*** Data segment ***

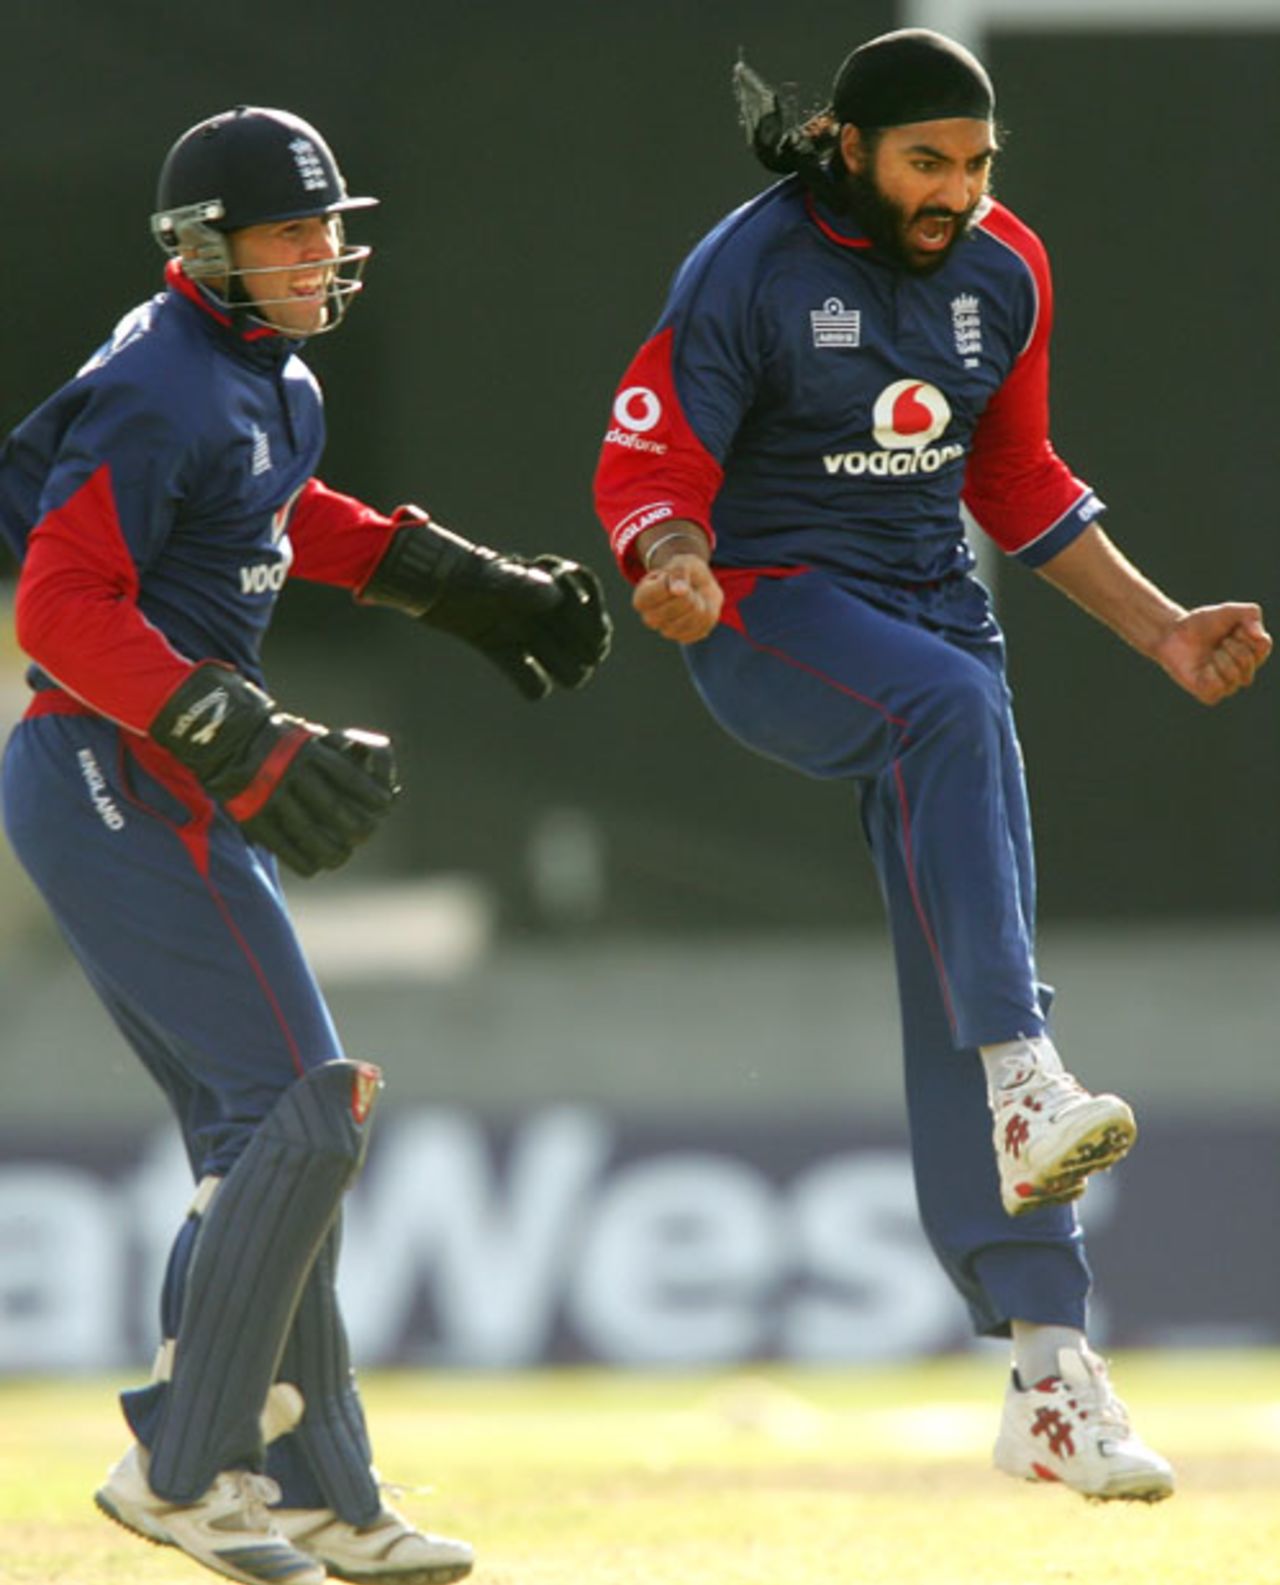 Monty Panesar is elated after dismissing Mahendra Singh Dhoni while Matt Prior looks on , England v India, 4th ODI, Old Trafford, August 30, 2007
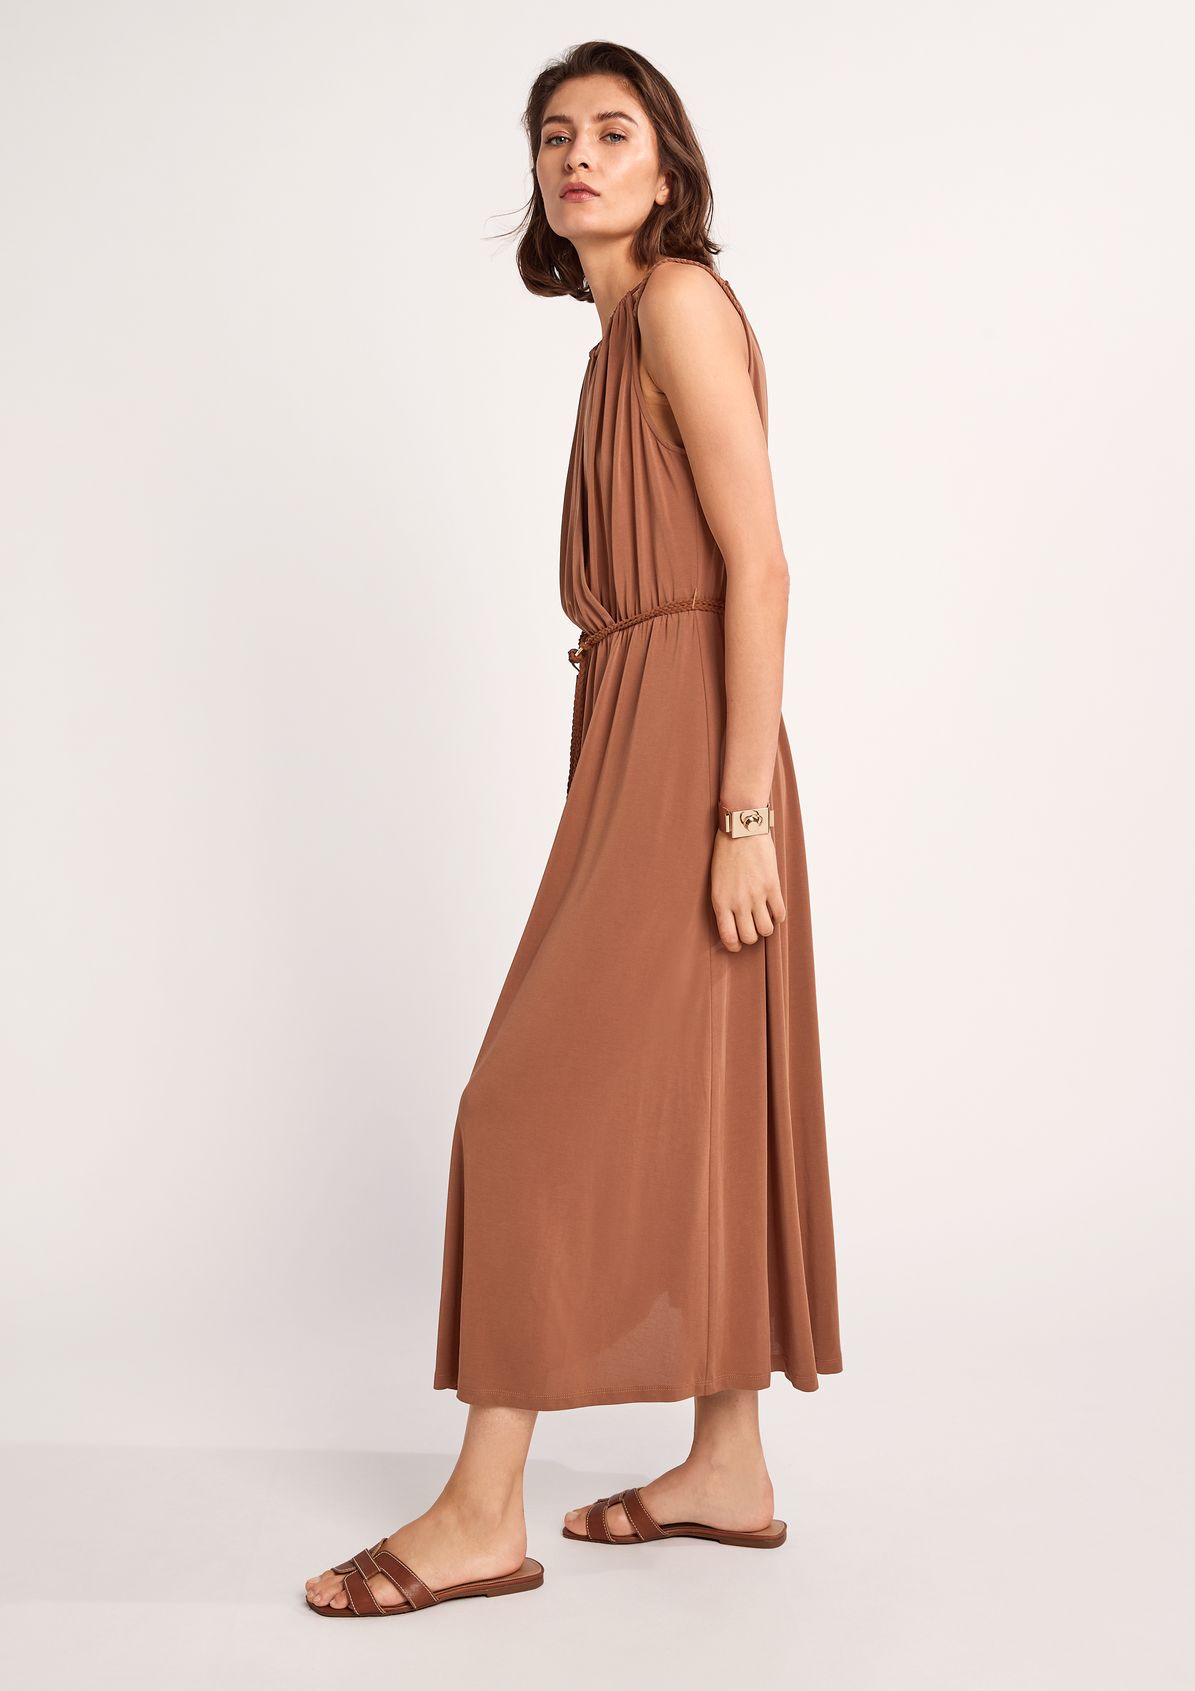 Blended modal dress with a braided belt from comma
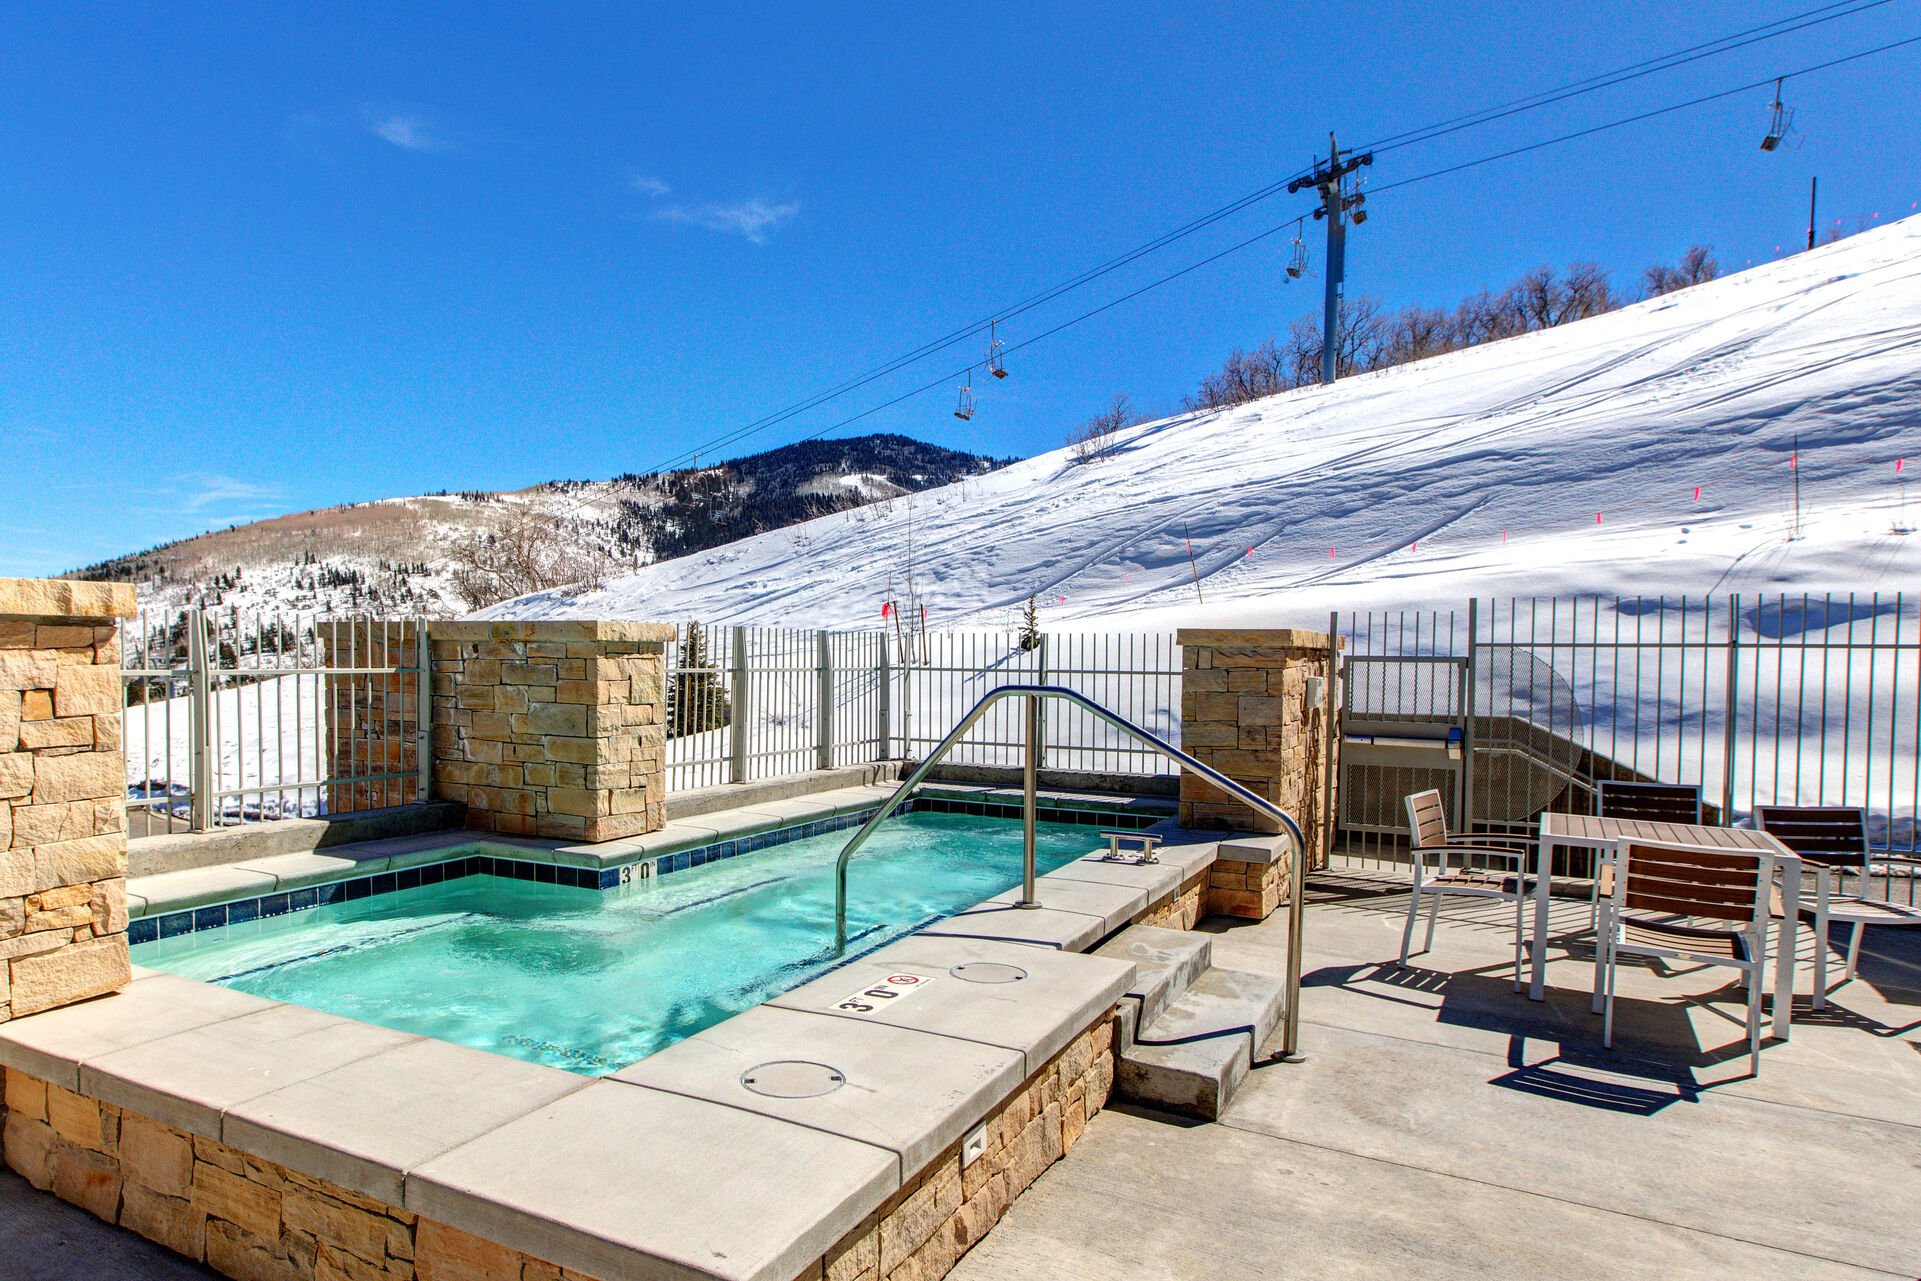 Slope-side Communal Heated Pool and Hot Tub

*** End of Data segment ***

Goal of the exercise: When you copy the data, keep every line exact and leave out each picture.

Solved problem:
 Monty Panesar is elated after dismissing Mahendra Singh Dhoni while Matt Prior looks on , England v India, 4th ODI, Old Trafford, August 30, 2007
 Blended modal dress with a braided belt from comma
 Slope-side Communal Heated Pool and Hot Tub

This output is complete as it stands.